The findings could improve early detection of the painful joint disease and could also be used to improve methods of repairing damaged cartilage, said study senior author Alan Grodzinsky, of the Massachusetts Institute of Technology, and colleagues.

For the study, the researchers developed a method that identifies osteoarthritis-related changes that occur in cartilage in response to high-load activities such as running and jumping.

Cartilage is firm, rubbery tissue that cushions bones and keeps them from rubbing together. When osteoarthritis begins to develop, the ability of cartilage to resist physical-activity-related impact is reduced. This is now known to be due to the loss of molecules called glycosaminoglycans (GAGs)
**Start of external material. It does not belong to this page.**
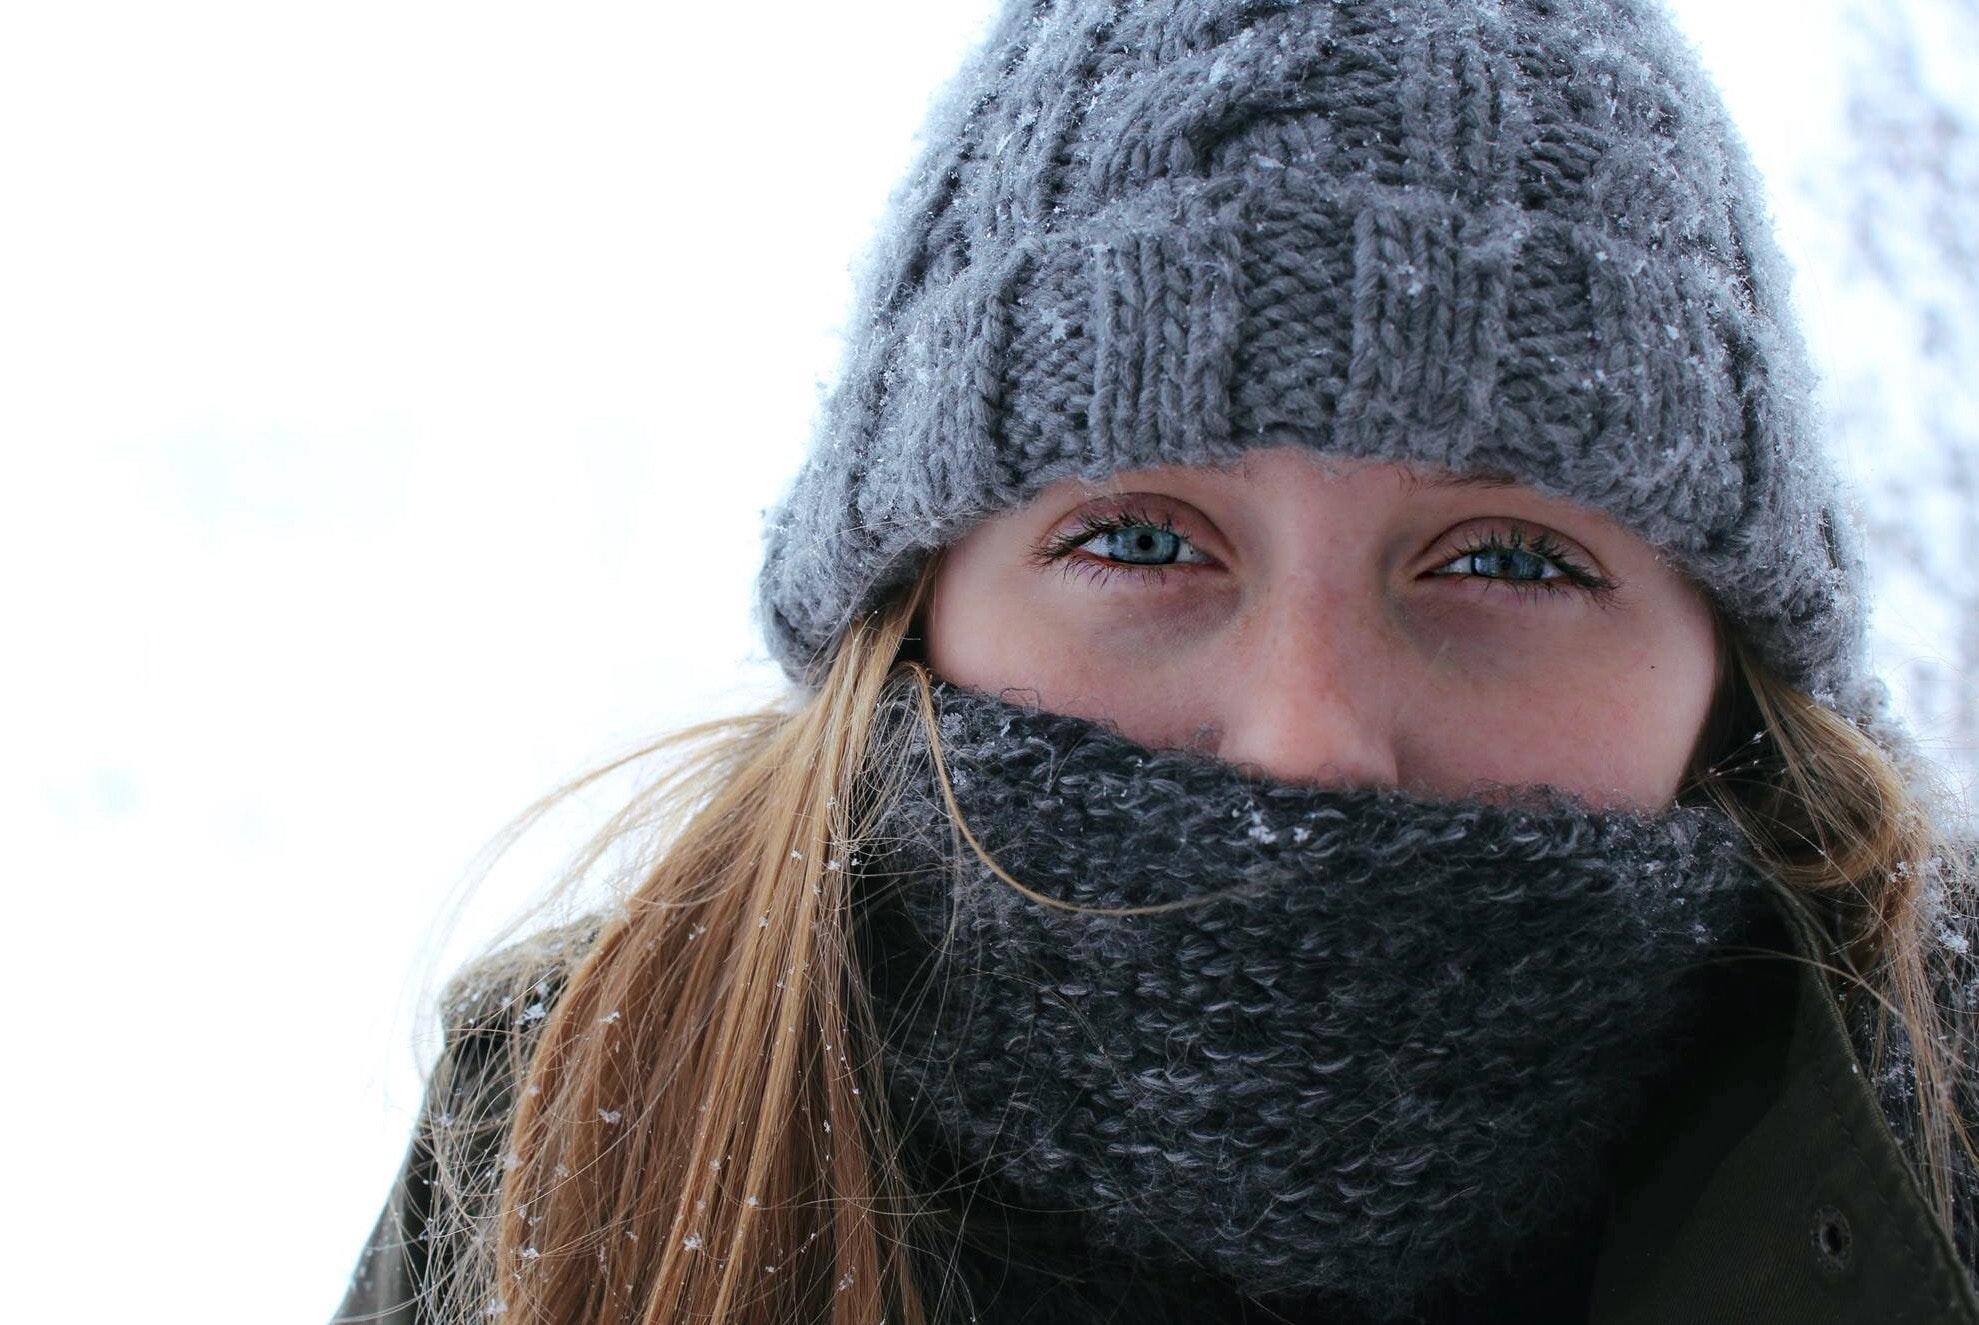 Pourquoi le nez coule t-il en hiver ?

Using their new system, the researchers found that GAG-depleted cartilage loses its ability to stiffen under the forces of high-load activities. GAG loss also caused an increase in the depletion of fluids from the cartilage, which likely reduces protection against the impact of high-load activities.

The findings show how GAG loss at the earliest disease stages reduces the ability of this tissue to withstand high-load activities, according to the study, which was published in the April 2 issue of theBiophysical Journal.

“This finding suggests that people with early degradation of cartilage, even before such changes would be felt as pain, should be careful of dynamic activities such as running or jumping,” Grodzinsky said in a journal news release.

Osteoarthritis affects about one-third of older adults and is the most common type of joint disorder.